I don't suppose you'd mind sharing some photos of your setup and gear, perhaps building guidelines if you have them? I'm decent at constructing things, and whatever I can't do, I've got a pretty good collection of family and friends that can. 

Also, thanks so so much for the link! For whatever reason I've been unable to find anything that can point me in the direction of joining the SCA, and I'd just resigned myself to waiting for the next Ren Faire and asking there.


----------



## smokeslastspot (Jan 11, 2012)

The sca main page may be easier to find info on if you are interested in joining. I had a high school teacher that first introduced me to it and I also have a couple co workers who are in so I've always had someone in person to ask questions of and rarely look at the website.

I can't post pictures at the moment but I can later. My work computer has photobucket blocked and that's where all my pics are. If I can get the internet at my house to work I will post what I have a bit later.

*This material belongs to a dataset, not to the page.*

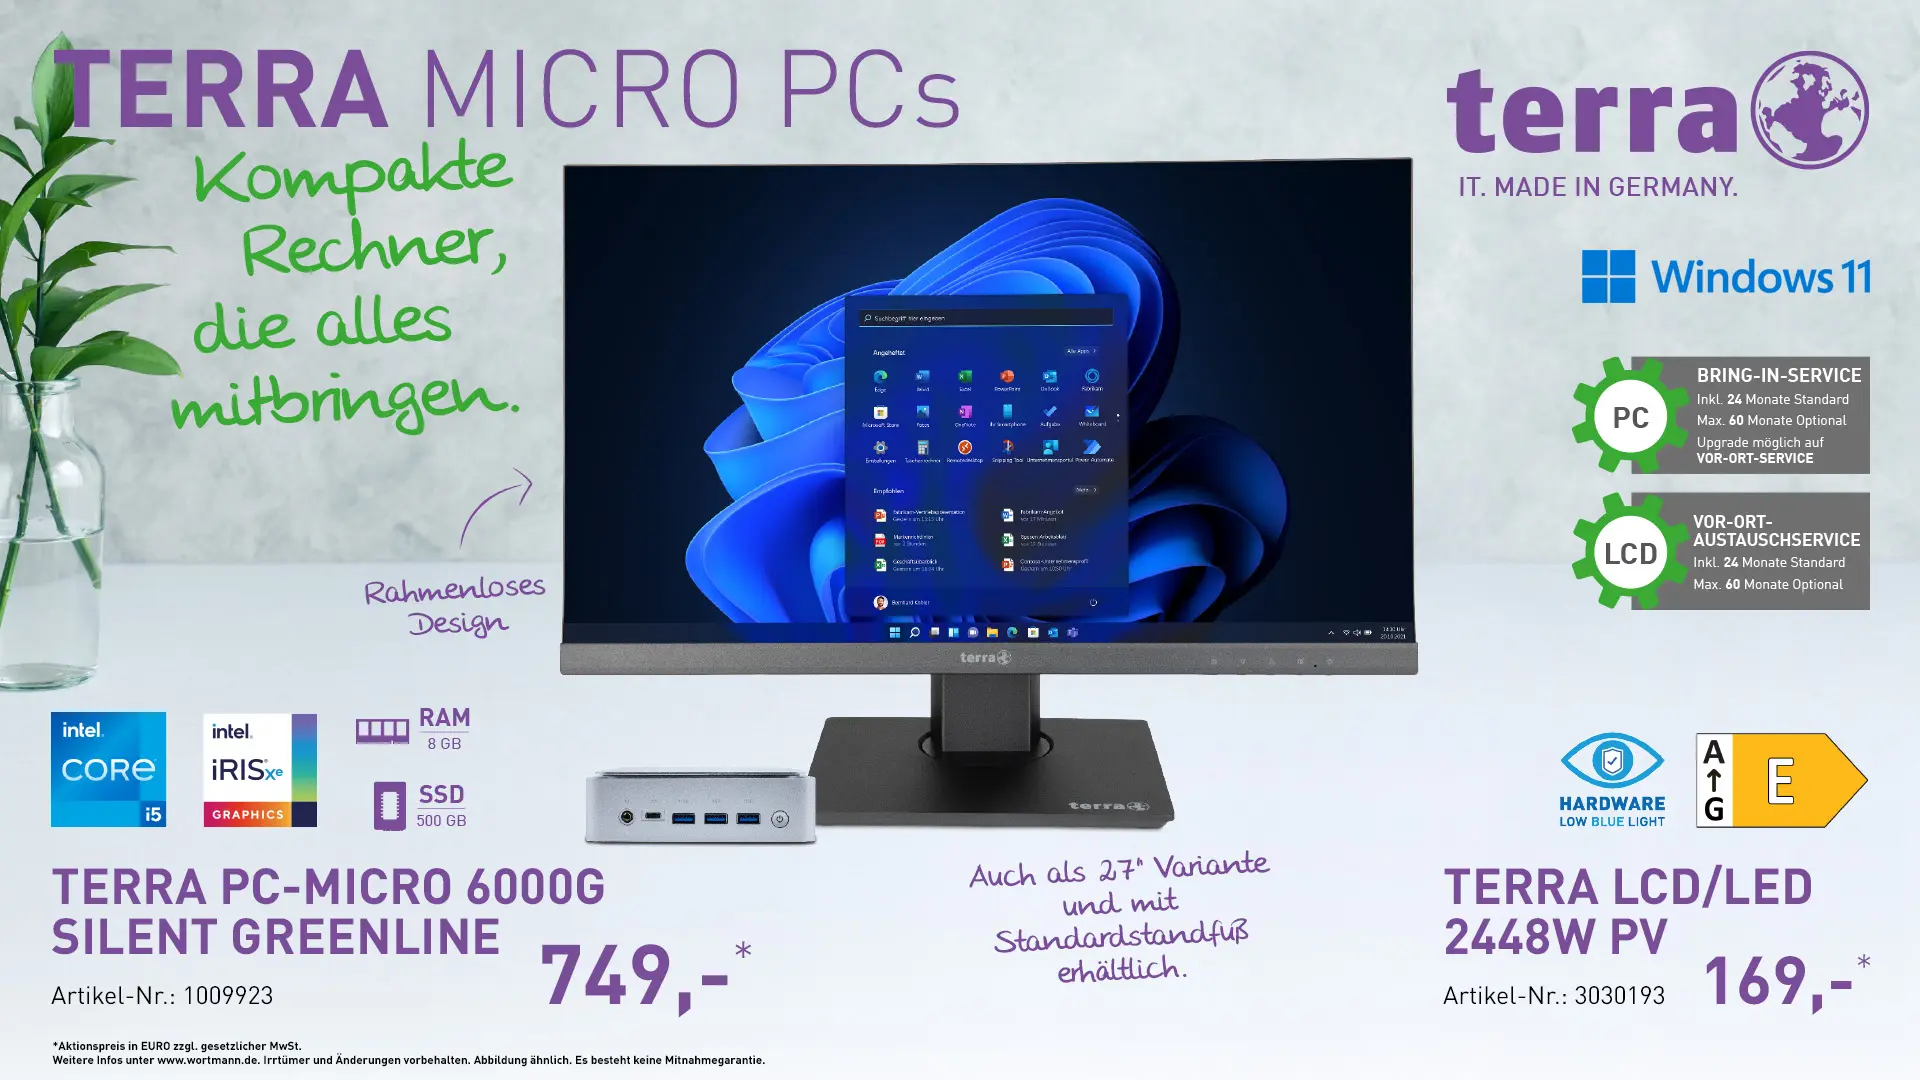 Terra PC-Micro 6000G Silent Greenline & Terra LCD/LED 2448w PV

I live kinda in a dead-ish zone as far as phone/internet signal. 

My coworker has the quintain, I think she said they just made up a plan for it using scrap parts.


----------



## DancingArabian (Jul 15, 2011)

Clearly we need to set up some groups and have at!

Anyone near central Maryland?
_Posted via Mobile Device_


----------



## smokeslastspot (Jan 11, 2012)

If anyone wants to come to arkansas they would be welcome! The group I was riding with has gotten too much trouble/drama to deal with so I have been playing by myself. The good thing about theses games is that they are a lot of fun either in a group or alone.


----------



## Country Boy (Jul 4, 2012)

I've never done any of those things. I've never even ridden English before.


----------



## Jessabel (Mar 19, 2009)

Hello, fellow corset enthusiast! :wave:

I've been tightlacing for about 6 months. So far, I've reduced my waist from 29'' to 24''. My goal is to have the classic Victorian ideal of 20 inches. I've never worn a riding corset, though. I've never even seen one for sale, but I'd love to try it.  I've always wanted to learn side saddle, too.


----------



## RubaiyateBandit (Jan 25, 2009)

So I got to snooping around the internet, and found building instructions for a quintain and ring tree and some other things. I figured I could share it here, if anyone else was interested.
Easy Equestrian Equipment

Already got all the stuff to make the ring tree/rings. x3


----------